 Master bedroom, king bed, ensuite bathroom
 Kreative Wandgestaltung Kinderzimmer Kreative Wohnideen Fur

__________

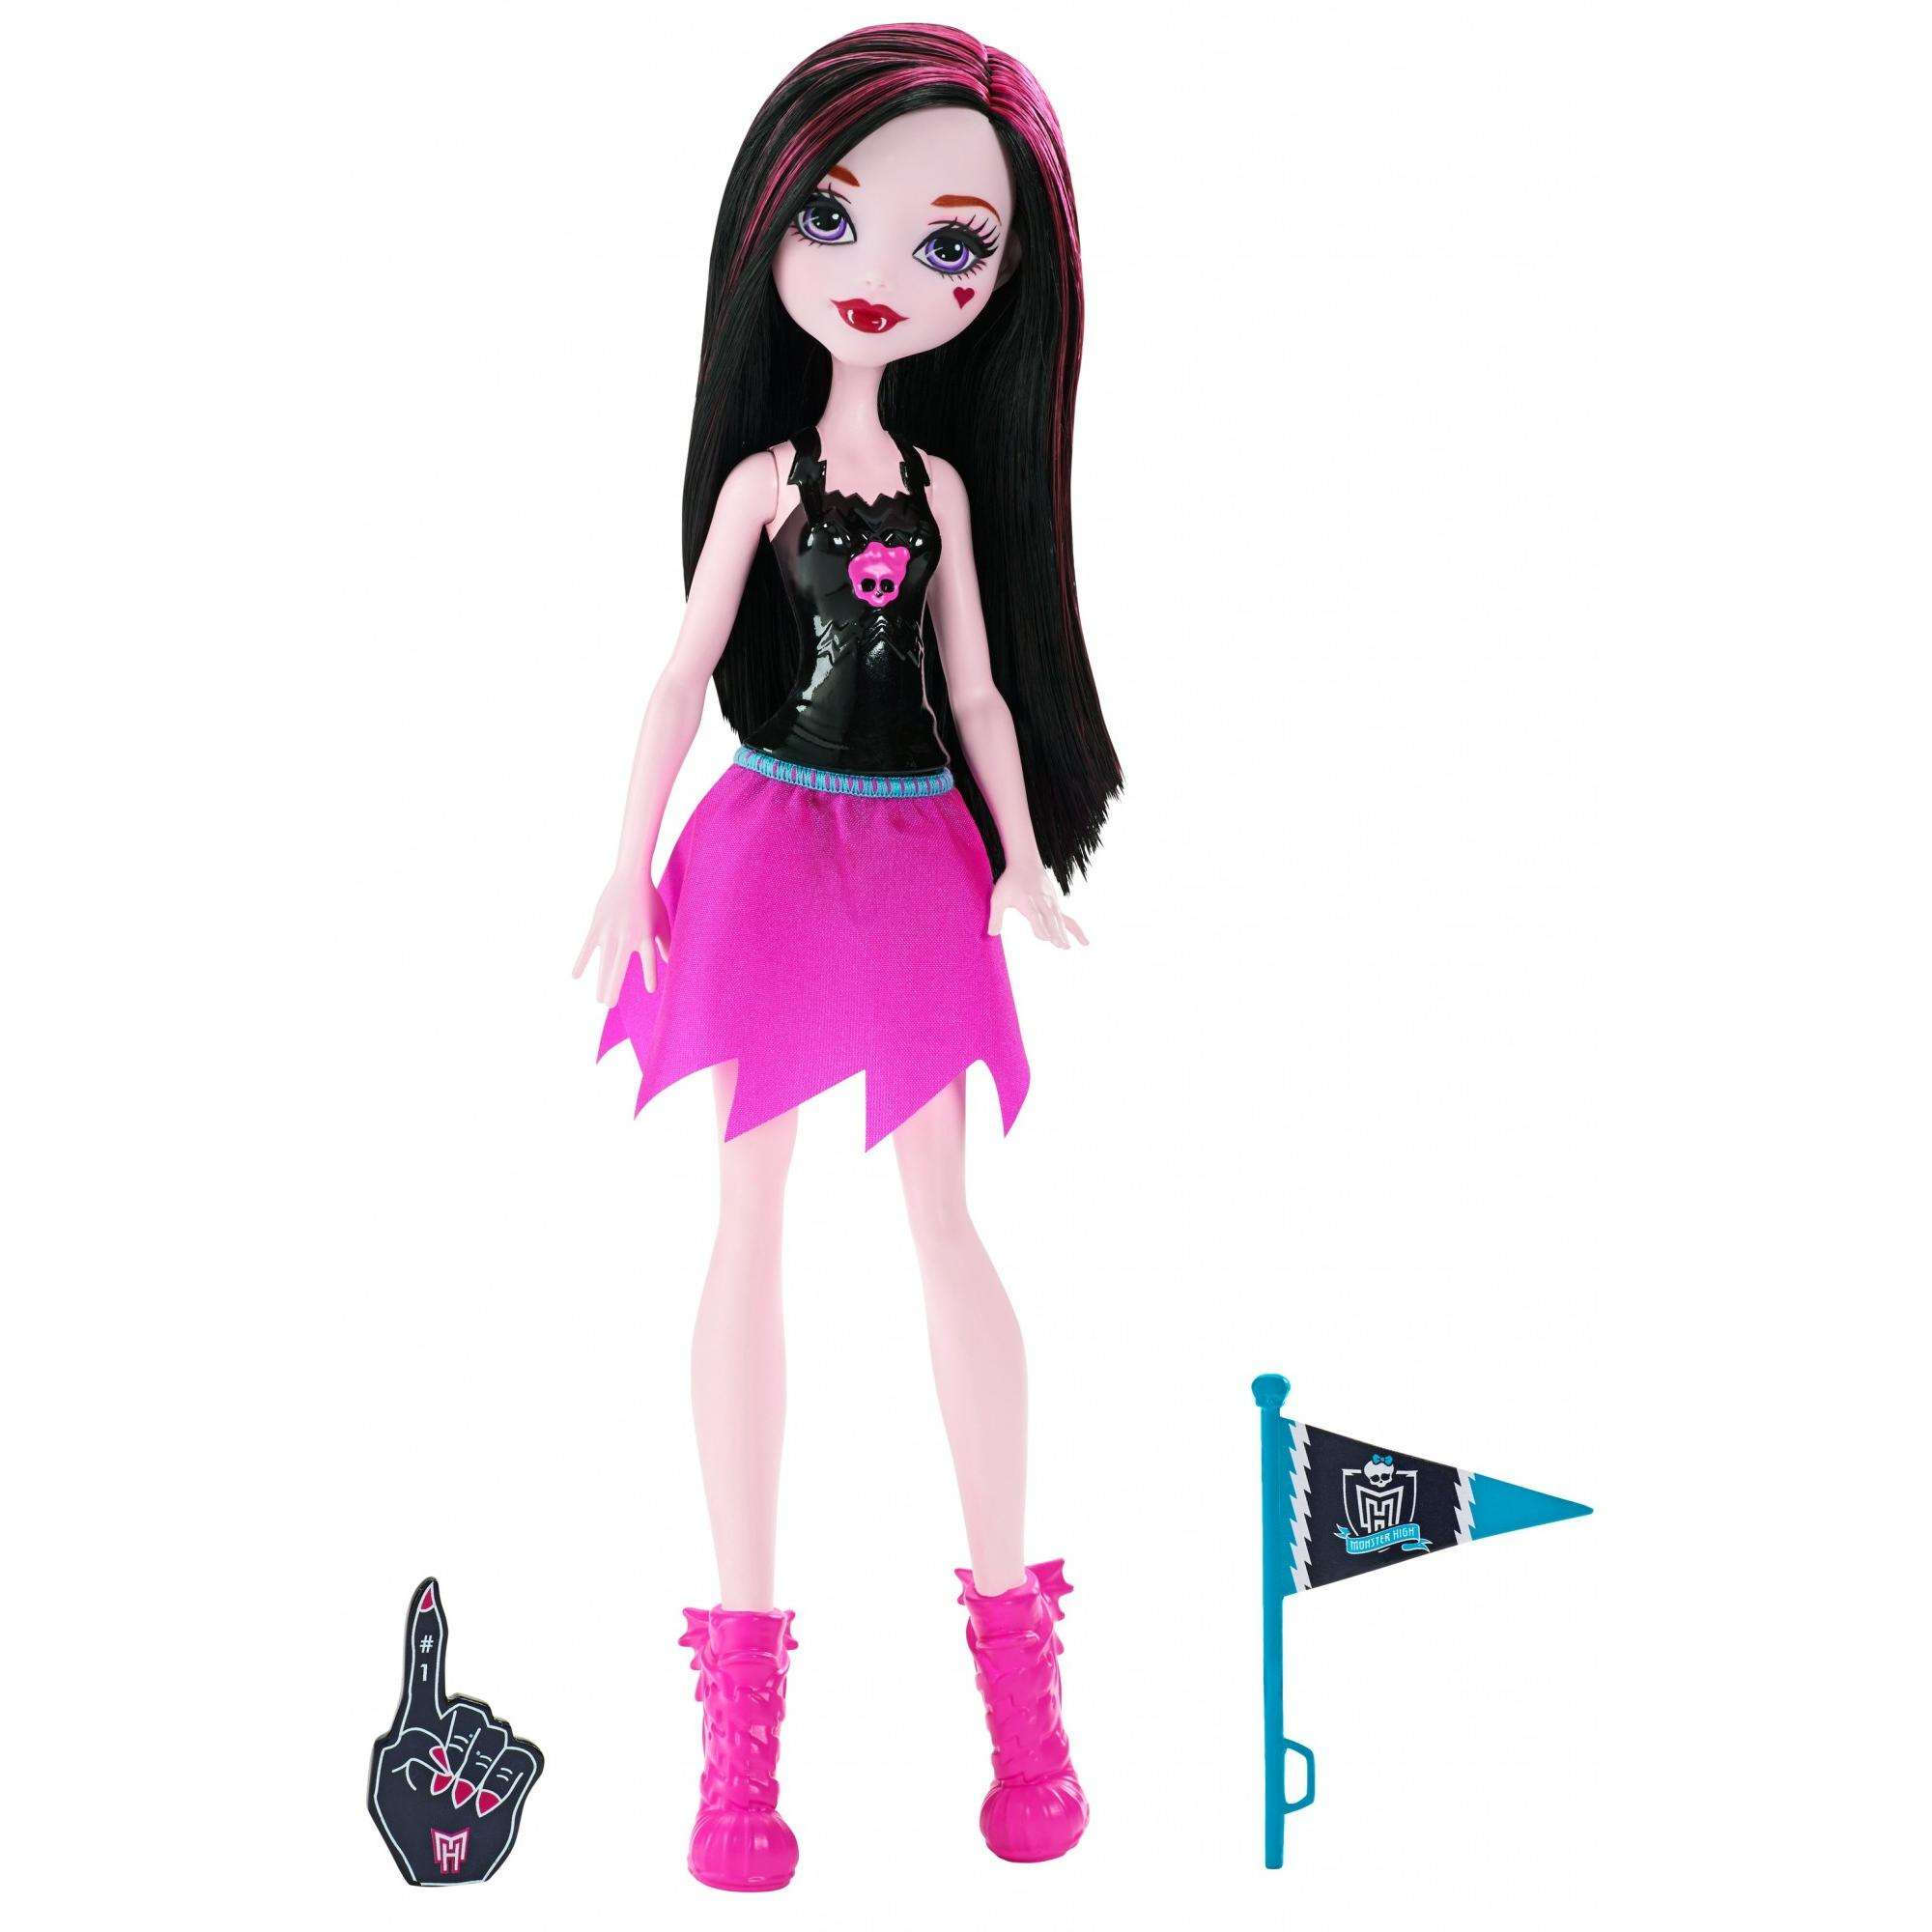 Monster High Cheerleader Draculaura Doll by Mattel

__________

INSTRUCTIONS TO FOLLOW: Please reproduce the lines from the line with "Master bedroom, king bed, ensuite bathroom" to the line with "Kreative Wandgestaltung Kinderzimmer", both ends included, exactly as they appear above.

EXERCISE ANSWER:
 Master bedroom, king bed, ensuite bathroom
 Kreative Wandgestaltung Kinderzimmer Kreative Wohnideen Fur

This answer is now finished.